# Input:

==*==

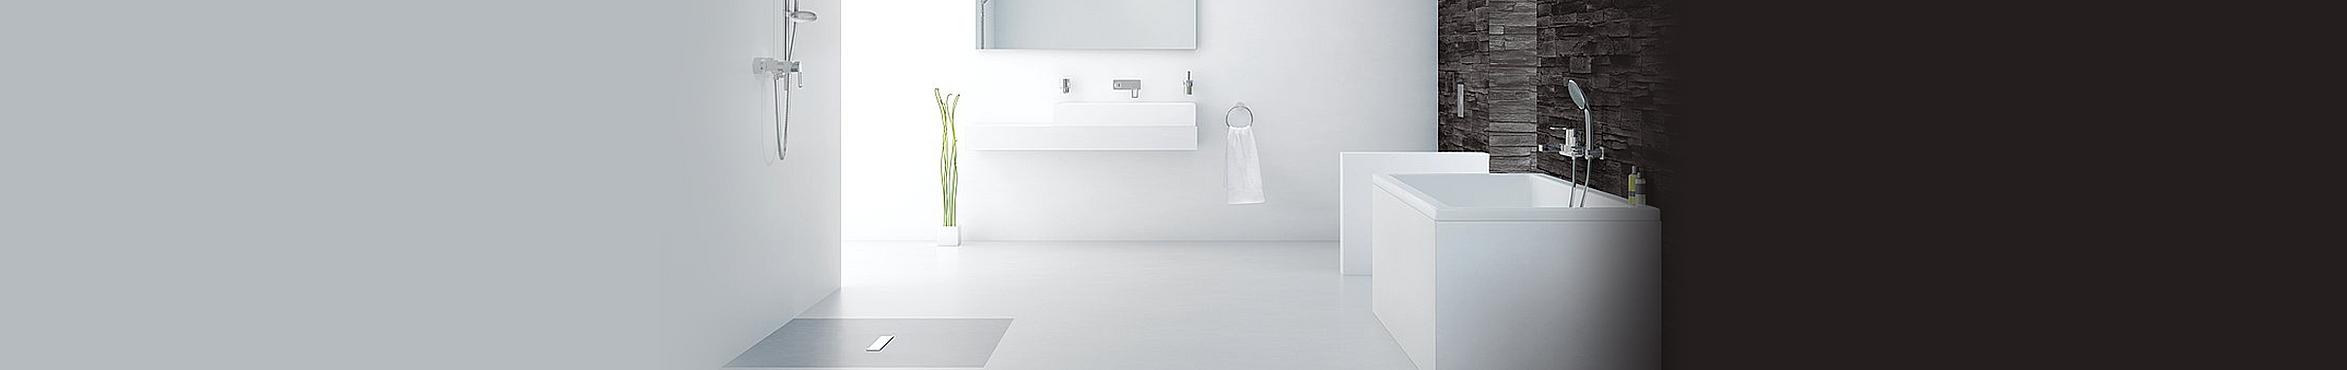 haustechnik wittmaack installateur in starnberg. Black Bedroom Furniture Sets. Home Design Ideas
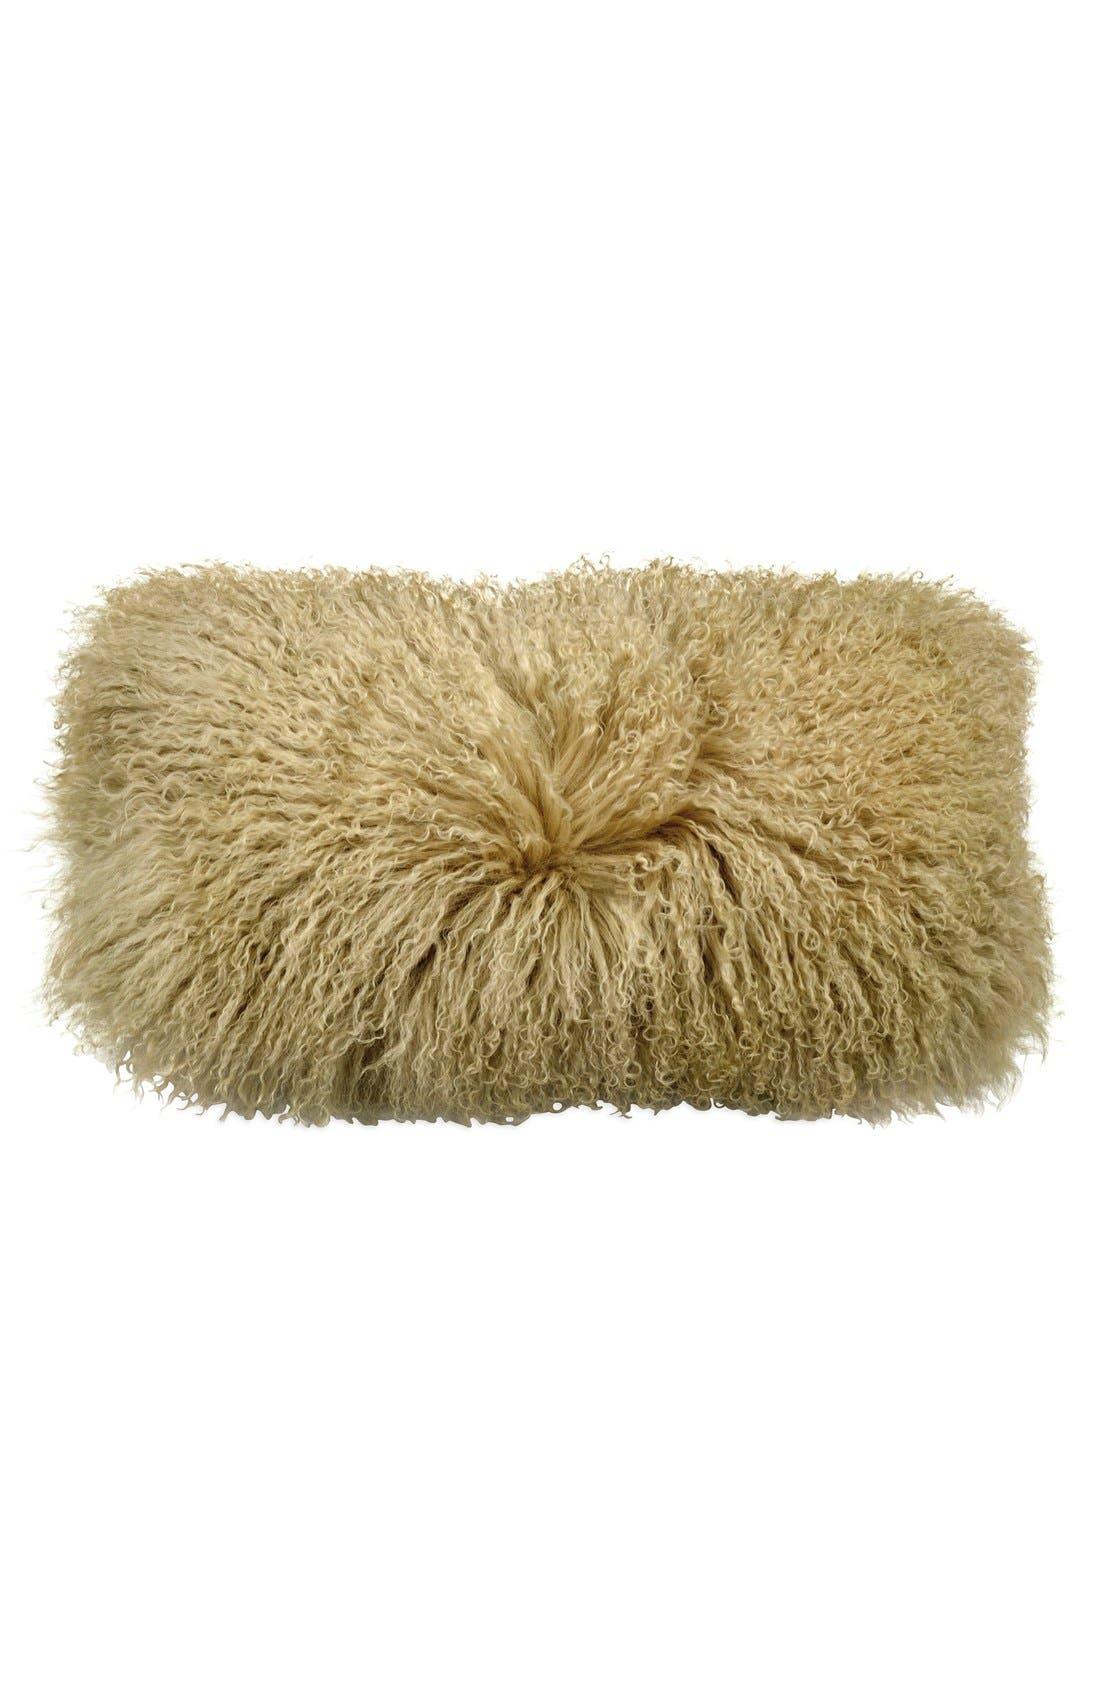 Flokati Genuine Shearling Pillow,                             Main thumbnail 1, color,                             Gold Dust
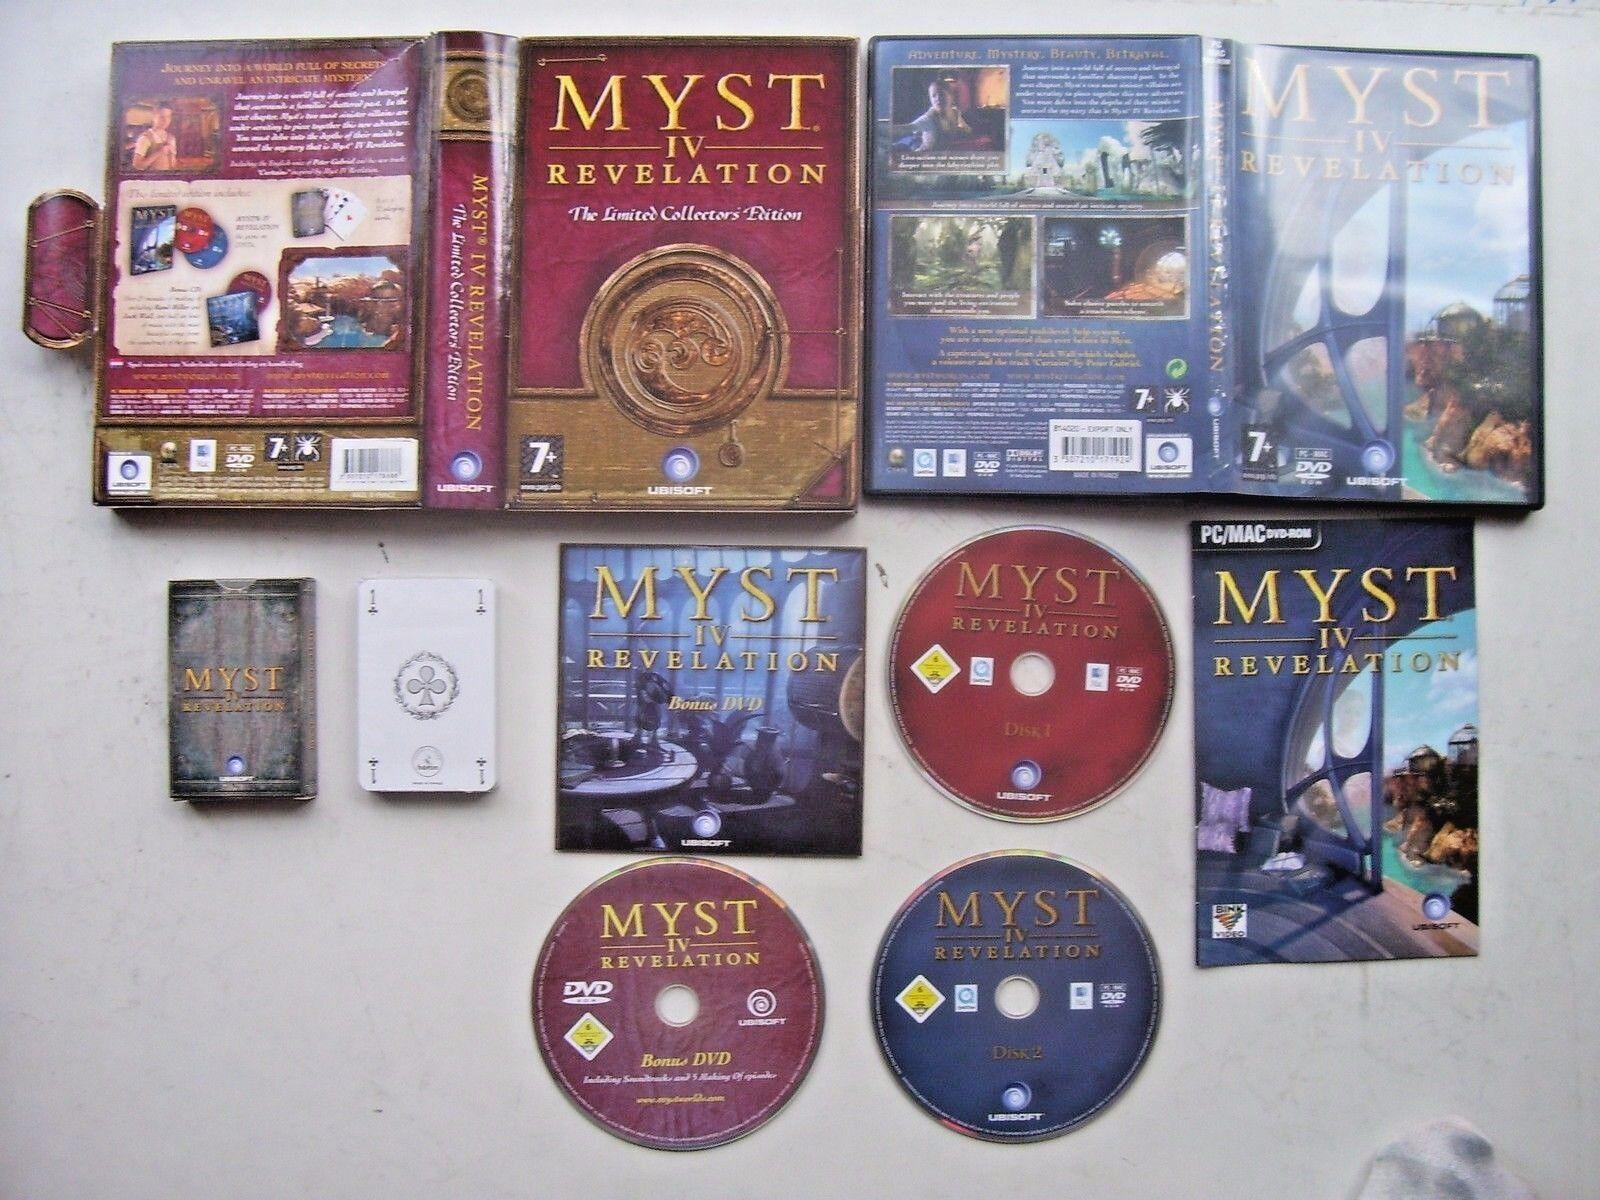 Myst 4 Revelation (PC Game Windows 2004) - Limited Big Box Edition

==*==

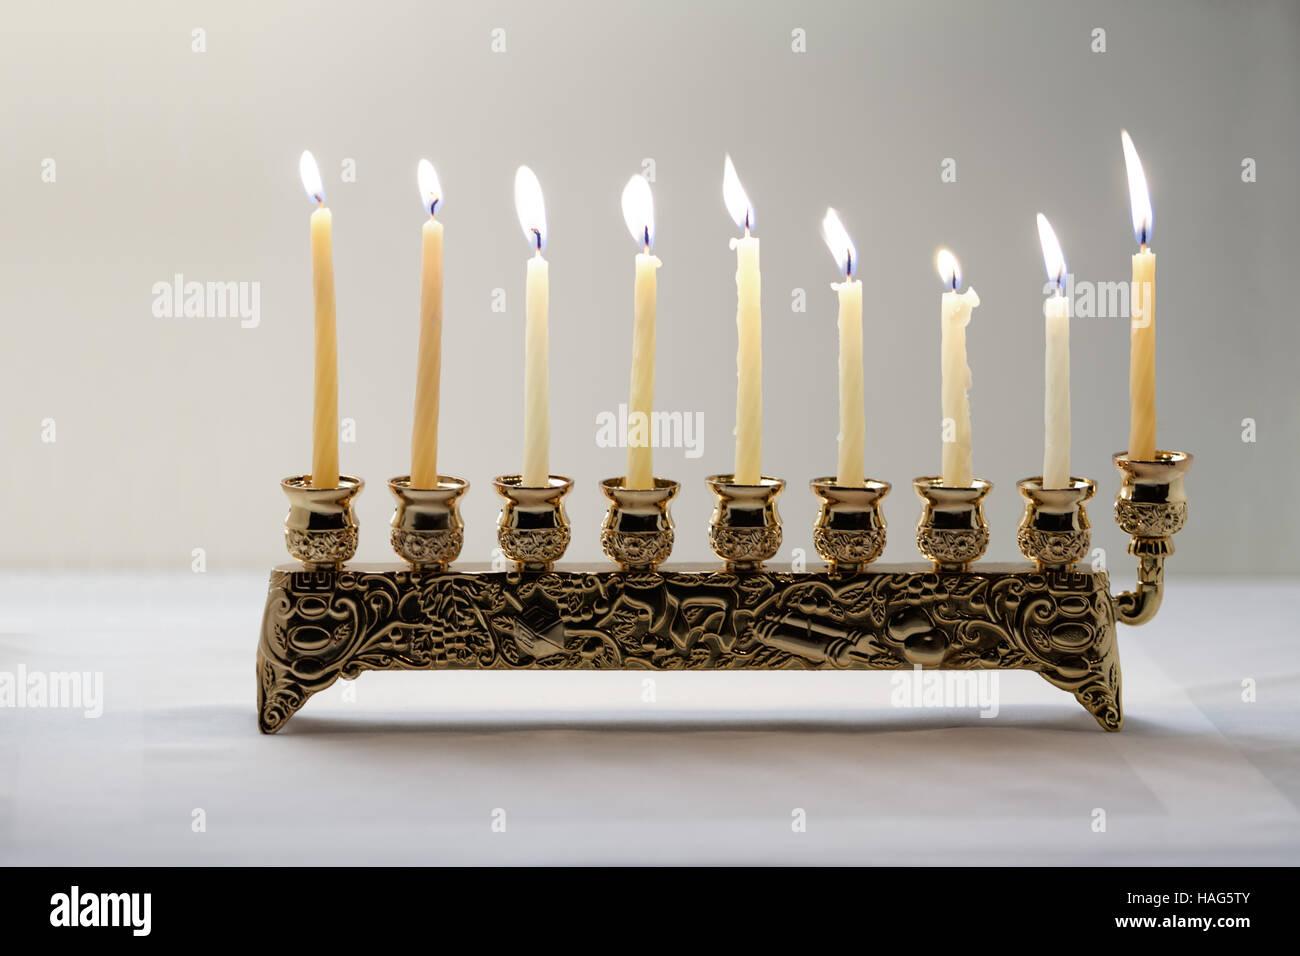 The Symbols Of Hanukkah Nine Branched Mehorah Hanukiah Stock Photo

==*==

# Task goal:
Reproduce the data above exactly, but only the lines from the one showing "Flokati Genuine Shearling" through the one showing "Myst 4 Revelation", with both ends kept and the pictures left out.

# Reply to the exercise:
 Flokati Genuine Shearling Pillow,                             Main thumbnail 1, color,                             Gold Dust
 Myst 4 Revelation (PC Game Windows 2004) - Limited Big Box Edition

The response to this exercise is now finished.